Col-0 (reference genome) intensity ranges from 1.6x to 4.7x (log transformed). There are apparent duplications (probes are not well-chosen to be unique in ref genome or ref genome/TAIR 8 contains errors). Same probe appears with high intensity in different arrays for the same Col-0.

The normalization procedure proposed by Roger (Quantile Normalization + Column Median subtraction + Row Median subtraction) seems to cause the genome-wide pattern to become more zigzag. The column and row median subtraction step is questionable. The idea is to get rid of reference intensity so that zero corresponds to reference, while column and row median are not good reference candidate.

A better idea is to use intensity from multiple Col-0 arrays as row or column reference.

2.6   2009-11-04 False negative/positive rate with PE-deletions as gold standard

Compare tiling-array derived deletions with Paired-end derived ones.

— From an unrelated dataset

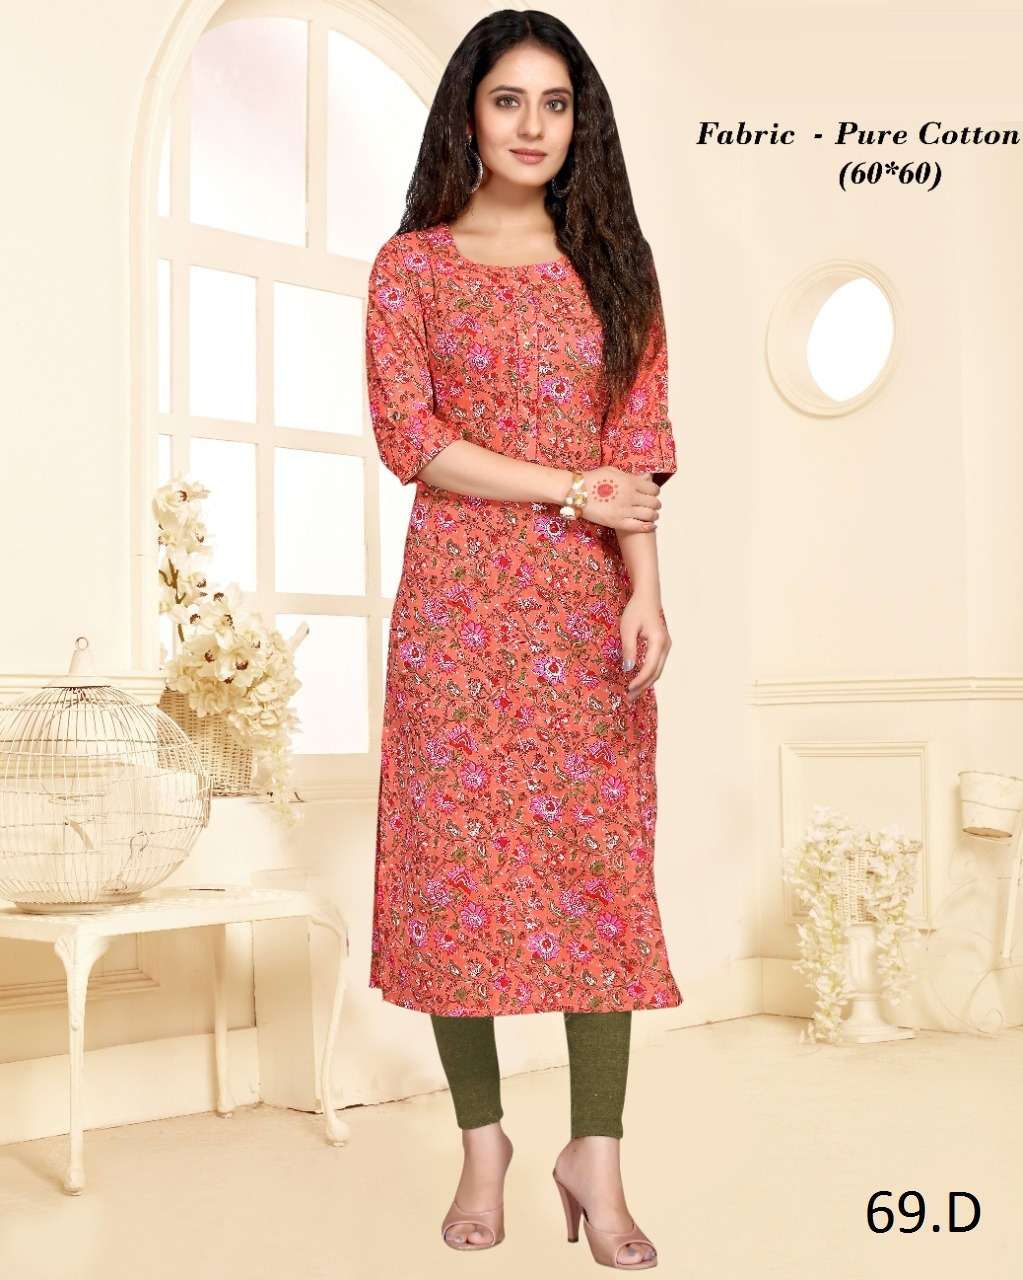 pratham fashion olivia trendy printed kurti with jaipuri prints new catalogue

PE-deletions:Paired-end derived deletions
tiling-deletion:
 deletions derived from tiling array data. All segments from the algorithm whose amplitudes are below cutoff.
min_QC_segment_size:
 =5 (minimum segment length of PE-deletion. Setting it to 5 renders it useless.)
min_no_of_probes:
 =5 (minimum number of tiling probes covered by a PE-deletion, to exclude small deletions
max_boundary_diff:
 =10kb (maximum distance tolerated between endpoints of one tiling-deletion and PE-deletion)
max_diff_perc:diff_perc=max_boundary_diff/tiling-deletion-length. maximum diff_perc tolerated.
cutoff:maximum amplitude to call a deletion.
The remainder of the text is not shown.